获取一个资源的方式很直接:AVAsset *asset = [AVAsset assetWithURL:url];

如果创建一个用在音视频编辑场景中的资源,可以用更长的加载时间,来获取更精确的资源时长信息。

NSDictionary *options = @{AVURLAssetPreferPreciseDurationAndTimingKey: @YES};
AVURLAsset *asset = [[AVURLAsset alloc] initWithURL:url options:options];

媒体来源

UIImagePickerController

无需授权,无需权限描述。

class ViewController: UIViewController, UINavigationControllerDelegate, UIImagePickerControllerDelegate {
override func touchesEnded(_ touches: Set<UITouch>, with event: UIEvent?) {
let pickerController = UIImagePickerController()
pickerController.sourceType = .photoLibrary
pickerController.delegate = self
pickerController.mediaTypes = ["public.movie"];
pickerController.modalPresentationStyle = .fullScreen
pickerController.videoExportPreset = AVAssetExportPresetPassthrough
self.present(pickerController, animated: true, completion: nil)
}

func imagePickerController(_ picker: UIImagePickerController, didFinishPickingMediaWithInfo info: [UIImagePickerController.InfoKey : Any]) {
if let url = info[.mediaURL] as? URL {
let asset = AVURLAsset(url: url)
print(asset.duration)
}
picker.dismiss(animated: true, completion: nil)
}

func imagePickerControllerDidCancel(_ picker: UIImagePickerController) {}
}

NSURL

来自 App Bundle 或网络。

NSURL *url = [[NSBundle mainBundle] URLForResource:@"v0300fd00000btm8f4819jm9302jl26g" withExtension:@"MP4"];
AVAsset *asset = [[AVURLAsset alloc] initWithURL:url options:nil];

NSURL *remoteUrl = [NSURL URLWithString:@"..."];
AVAsset *remoteAsset = [[AVURLAsset alloc] initWithURL:remoteUrl options:nil];
NSLog(@"%lld", remoteAsset.duration.value);

PhotoKit

需要在 Info.plist 中增加 NSPhotoLibraryUsageDescription,开发者自行获取并决定展示方式。

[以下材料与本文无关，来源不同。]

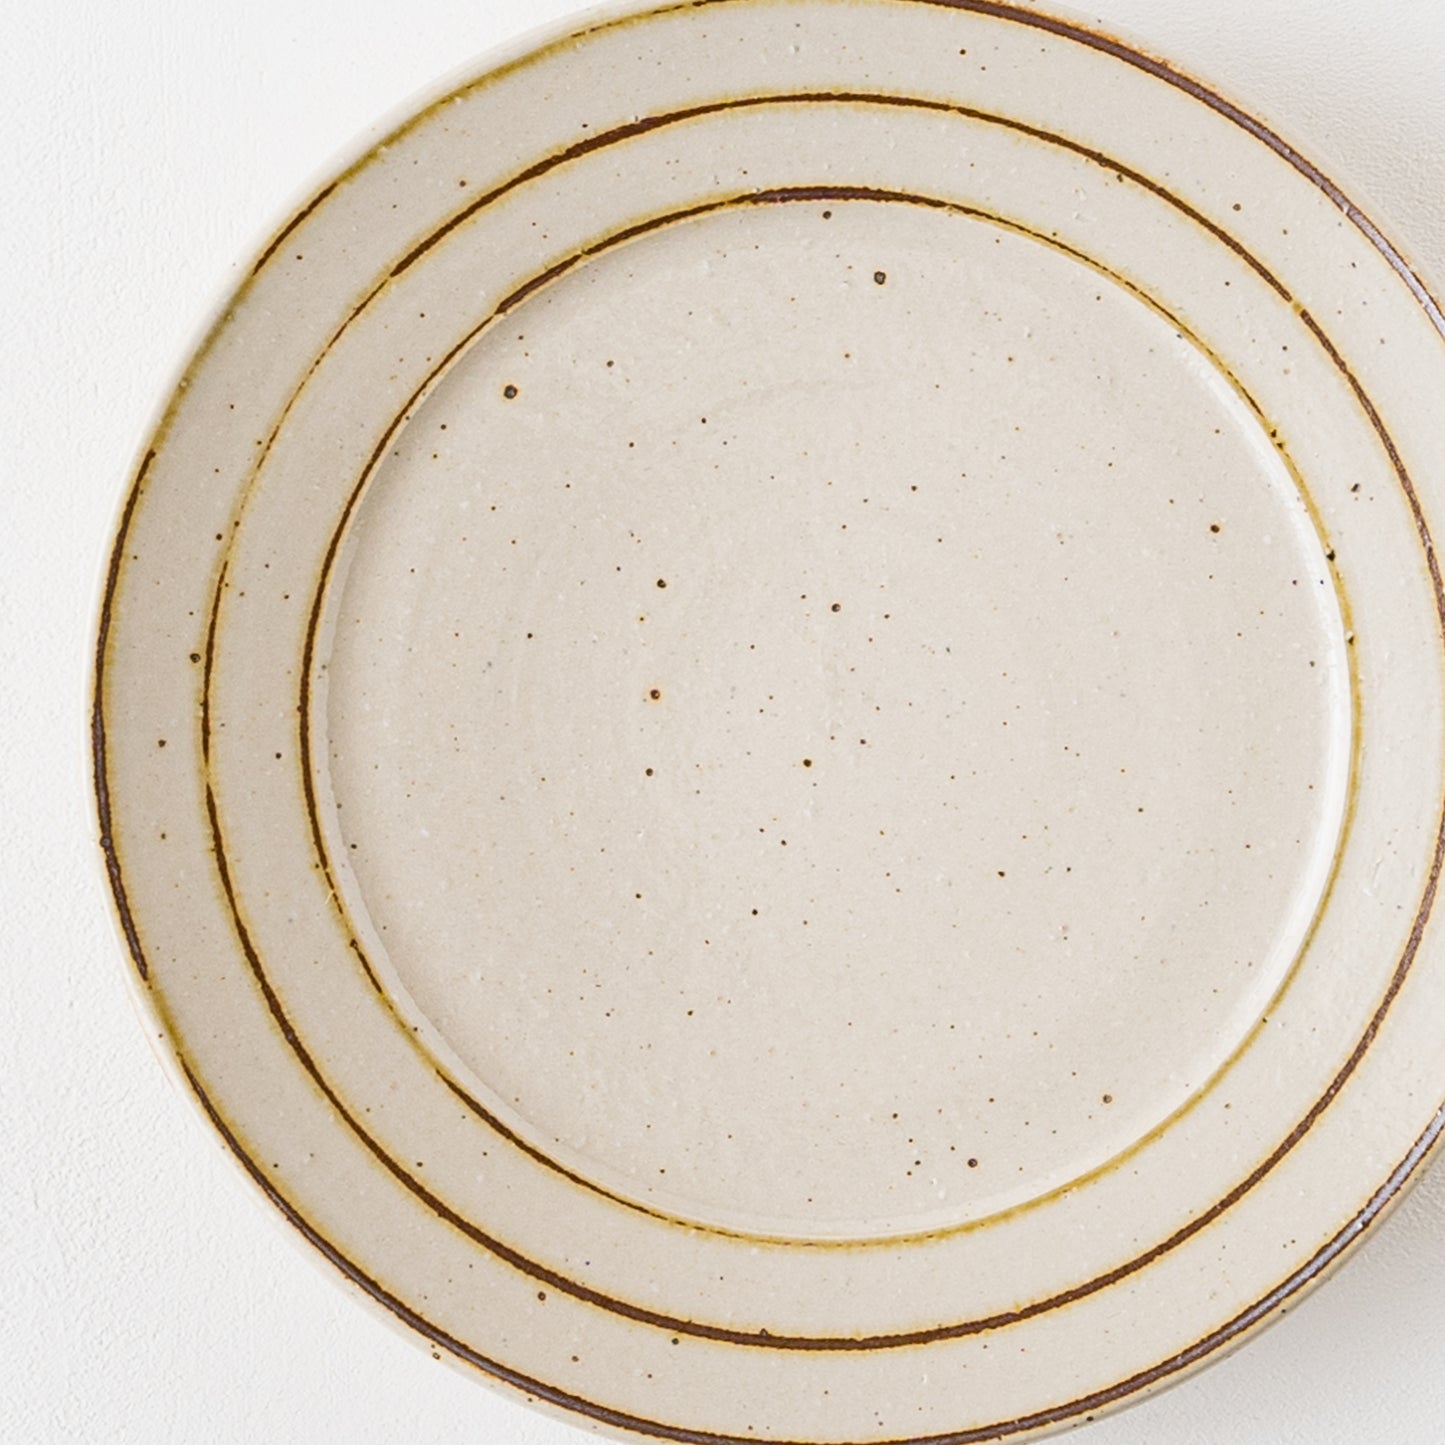 長年愛用しているような風合いが素敵な冨本大輔さんの灰釉鉄絵7寸リム皿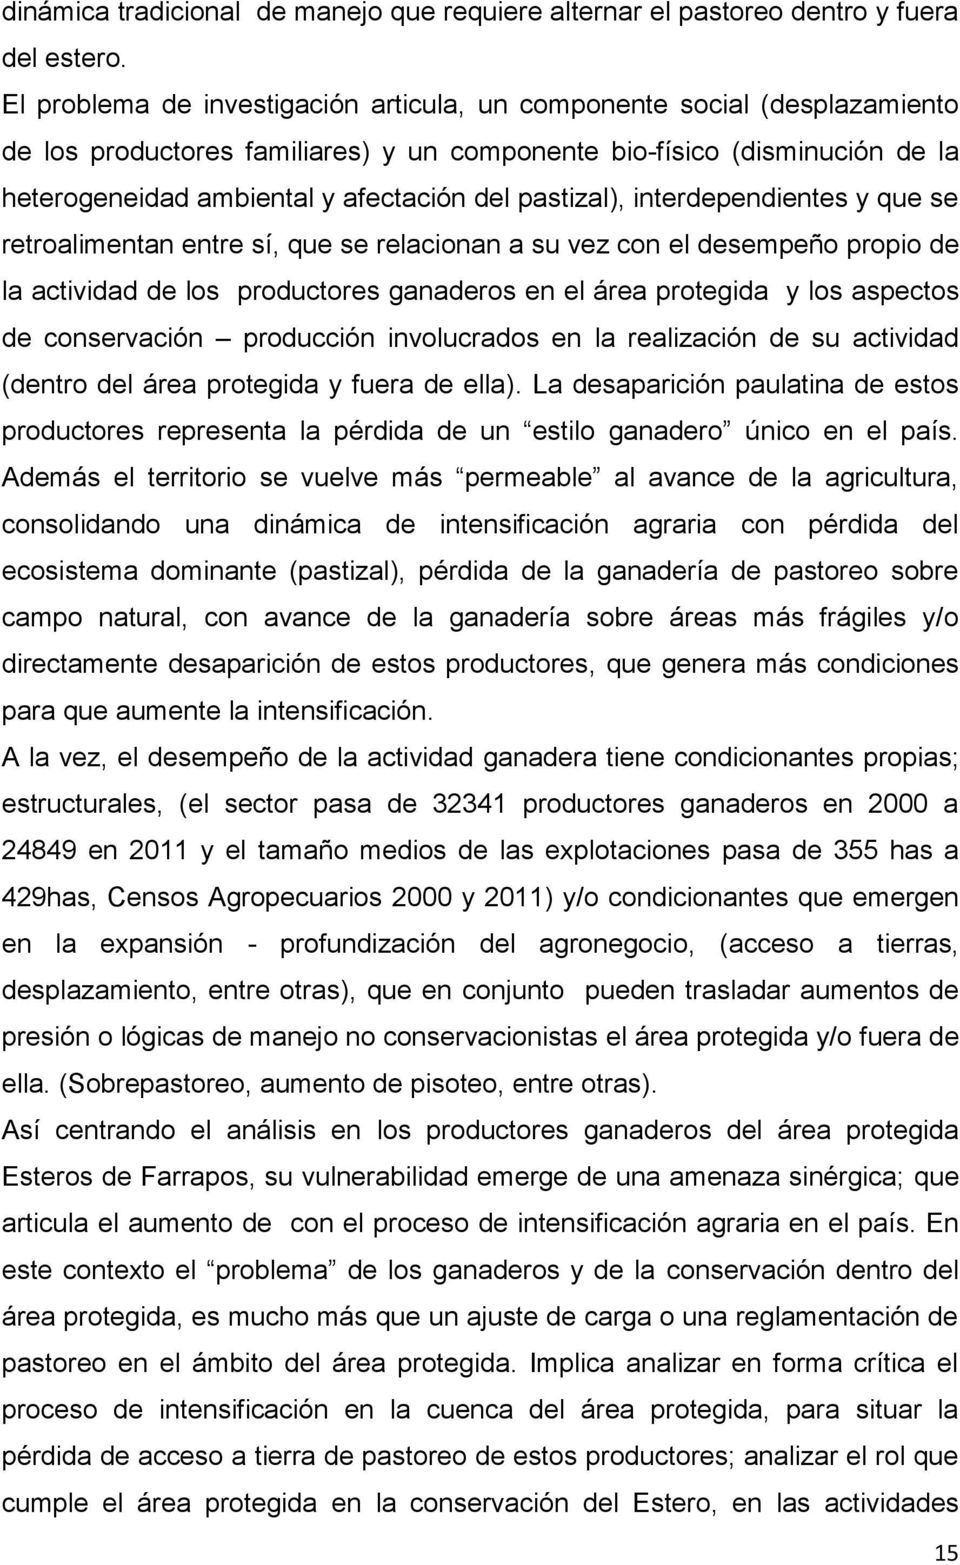 pastizal), interdependientes y que se retroalimentan entre sí, que se relacionan a su vez con el desempeño propio de la actividad de los productores ganaderos en el área protegida y los aspectos de

[PHPhotoLibrary requestAuthorizationForAccessLevel:PHAccessLevelReadWrite handler:^(PHAuthorizationStatus status) {
switch (status) {
case PHAuthorizationStatusAuthorized:
case PHAuthorizationStatusLimited:
[self fetchAllVideos];
break;
default:
break;
}
}];

Media Library

MPMediaPropertyPredicate *artistPredicate = [MPMediaPropertyPredicate predicateWithValue:@"Foo Fighters" forProperty:MPMediaItemPropertyArtist];
MPMediaPropertyPredicate *albumPredicate = [MPMediaPropertyPredicate predicateWithValue:@"In Your Honor" forProperty:MPMediaItemPropertyAlbumTitle];
MPMediaPropertyPredicate *songPredicate = [MPMediaPropertyPredicate predicateWithValue:@"Best of You" forProperty:MPMediaItemPropertyTitle];

MPMediaQuery *query = [[MPMediaQuery alloc]init];
[query addFilterPredicate:artistPredicate];
[query addFilterPredicate:albumPredicate];
[query addFilterPredicate:songPredicate];

NSArray *result = [query items];
if (result.count > 0) {
MPMediaItem *item = result[0];
NSURL *assetURL = [item valueForProperty:MPMediaItemPropertyAssetURL];
AVAsset *asset = [AVAsset assetWithURL:assetURL];
// do sth ...
}

异步载入资源属性

当创建 AVAsset 时,资源就是对媒体文件的处理。AVAsset 采用一种高效的设计,即延迟载入资源的属性,直到属性被请求时才载入,这样可以快速创建资源模型。但有一点,就是同步访问属性时,如果属性没有载入,程序就会阻塞。比如,请求资源的 duration 可能是一个昂贵的操作,例如 MP3 文件的头没有 TLEN 标签时,则需要解析整个音频来确定它的时长,假设这个请求发生在主线程,就会阻塞主线程直到操作完成。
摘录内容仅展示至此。